Asymmetric Copper Hydride-Catalyzed Markovnikov Hydrosilylation of Vinylarenes and Vinyl Heterocycles.

We report a highly enantioselective CuH-catalyzed Markovnikov hydrosilylation of vinylarenes and vinyl heterocycles. This method has a broad scope and enables both the synthesis of isolable silanes and the conversion of crude products to chiral alcohols. Density functional theory calculations support a mechanism proceeding by hydrocupration followed by σ-bond metathesis with a hydrosilane.

Chiral silanes undergo a number of useful transformations[1a,1b] and possess more desirable toxicological and environmental characteristics than many related main-group reagents.[2a,2b] However, they can be difficult to prepare due to the scarcity of broadly applicable methods for the construction of C(sp3)–Si bonds in functionalized molecules.[3a,3b] This limitation also discourages the pursuit of silane drug-candidates, despite the promise organosilicon compounds hold for a variety of therapeutic applications.[3a−3c] Because functionalized alkylsilanes are additionally important to many modern materials and industrial processes,[4a,4b] selective new C–Si bond-forming reactions have the potential to be enabling technologies for researchers across a wide range of disciplines.

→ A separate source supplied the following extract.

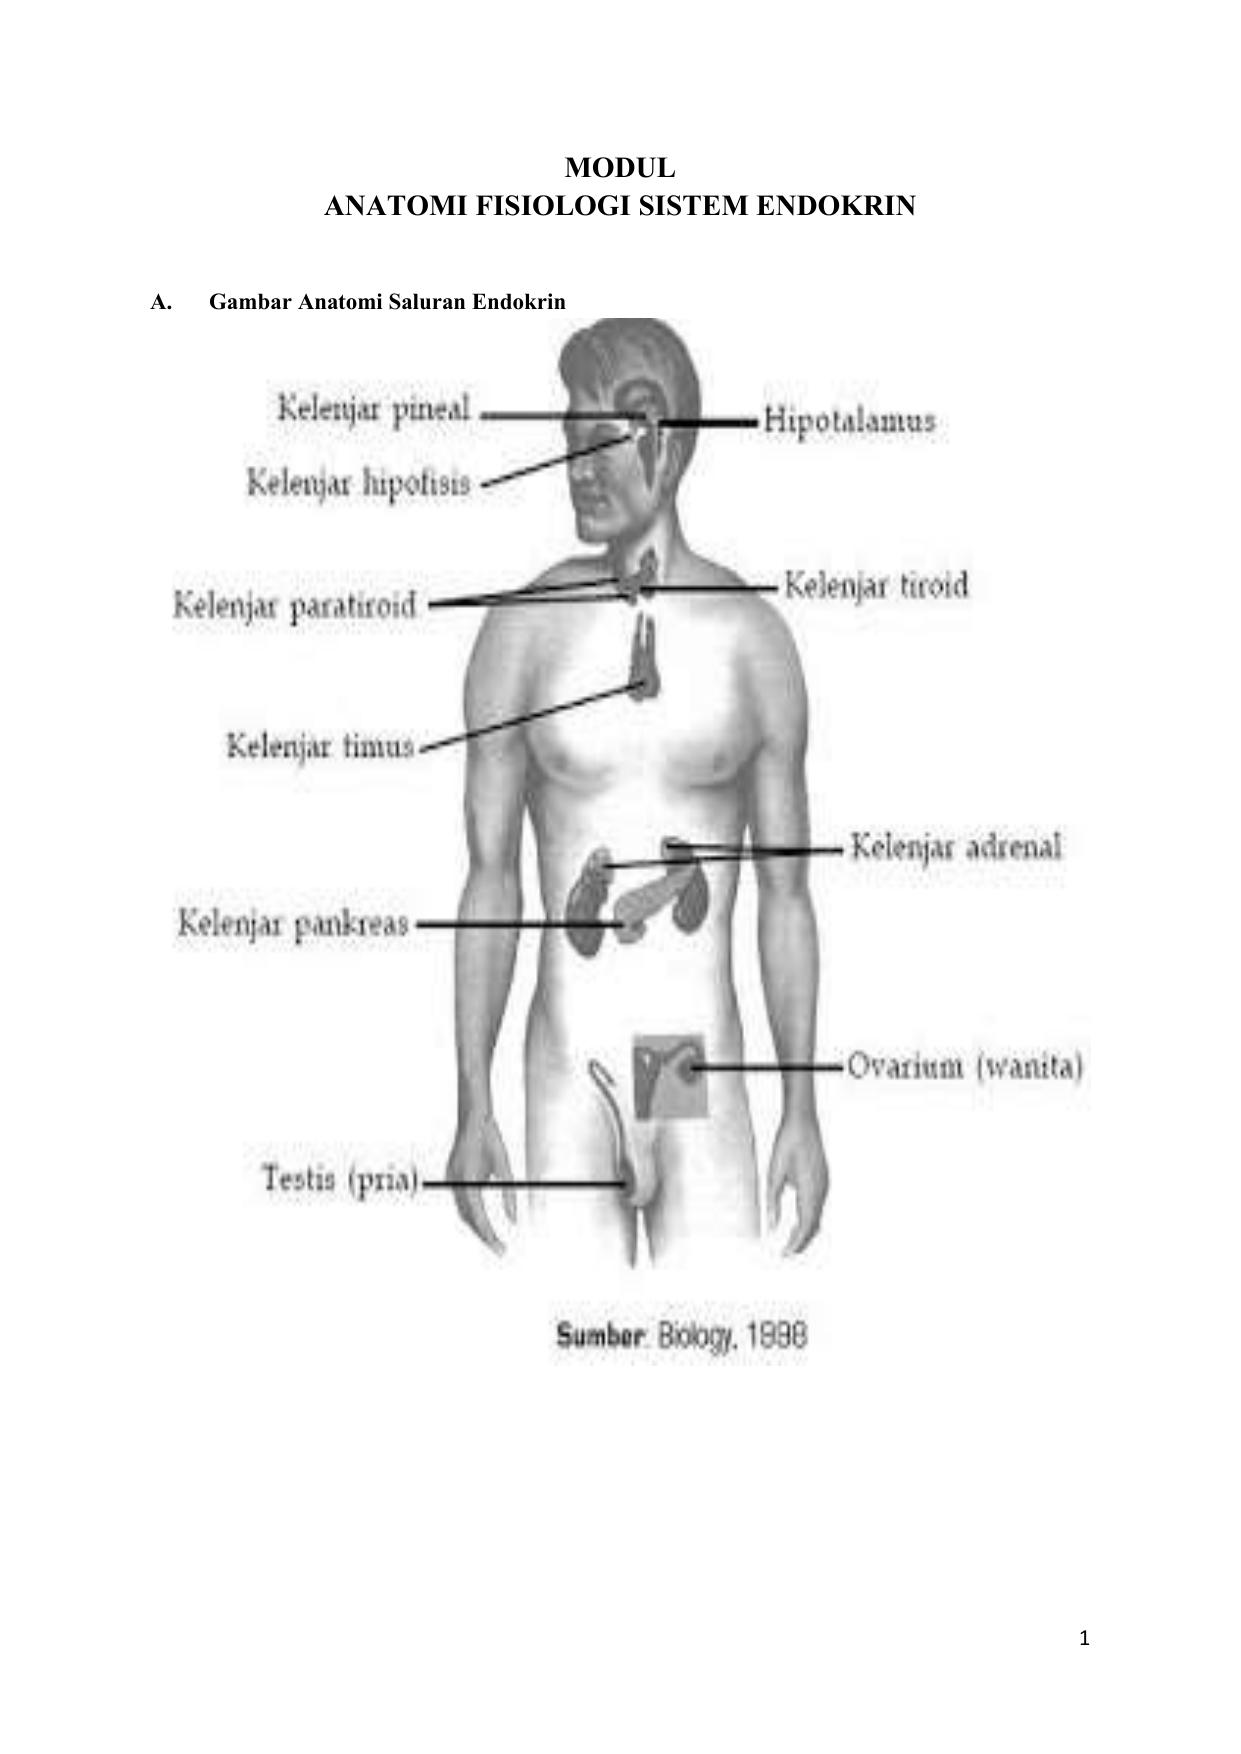 Modul Anatomi Fisiologi Sistem Endokrin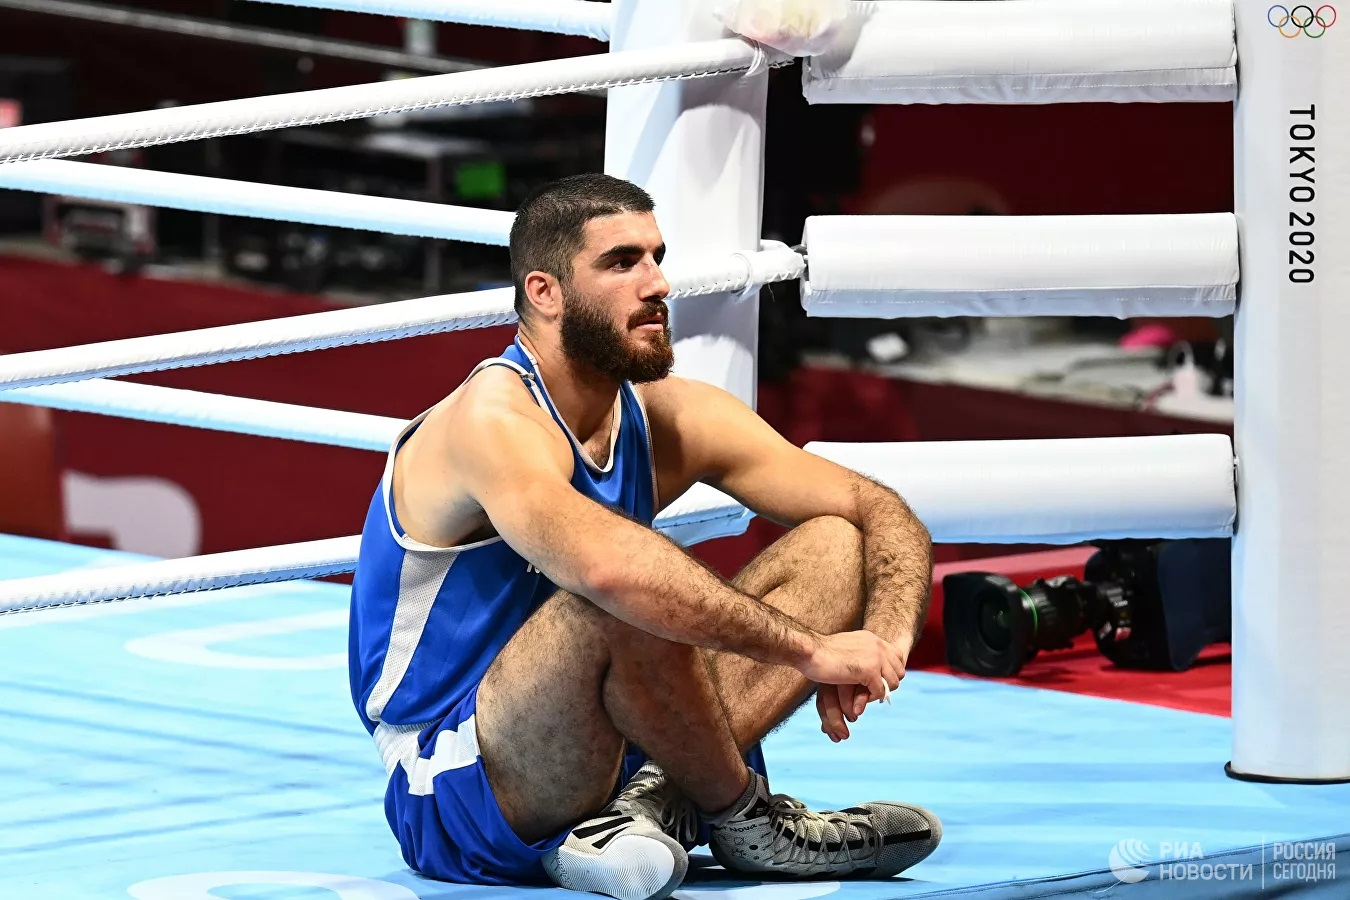 Олимпиада-2020: Французский боксер в знак протеста час не покидал ринг

Late transition metal-catalyzed olefin hydrosilylation (Figure a) is one of the core synthetic transformations of organosilicon chemistry.[4b,4c] The archetypal Pt-catalyzed variant[4b] is among the highest-volume industrial applications of homogeneous catalysis,[4b,5c,5i] and the need to replace Pt in this role with more abundant metals has spurred the discovery of many anti-Markovnikov hydrosilylation catalysts based on iron,[5a−5f] cobalt,[5g−5j] and nickel.[5k−5q] In contrast, Markovnikov olefin hydrosilylation catalysts are uncommon, and the synthetic capabilities of the reactions are presently limited.[5e,6] Hayashi’s discovery that Pd-MOP complexes catalyze highly enantioselective Markovnikov hydrosilylation with trichlorosilane[7a−7e] was a milestone achievement in asymmetric catalysis.[8] Although this reaction is of exceptional fundamental importance, its reported scope is limited; in particular, we are aware of no applications of this methodology to the hydrosilylation of heterocyclic or appreciably Lewis-basic olefins, presumably because they are incompatible with the sensitive trichlorosilyl group.

Figure 1

Metal-catalyzed hydrosilylation of olefins; Pd-catalyzed asymmetric Markovnikov hydrosilylation of vinylarenes; CuH-catalyzed asymmetric hydrosilylation of styrenes; Proposed mechanism for the hydrosilylation.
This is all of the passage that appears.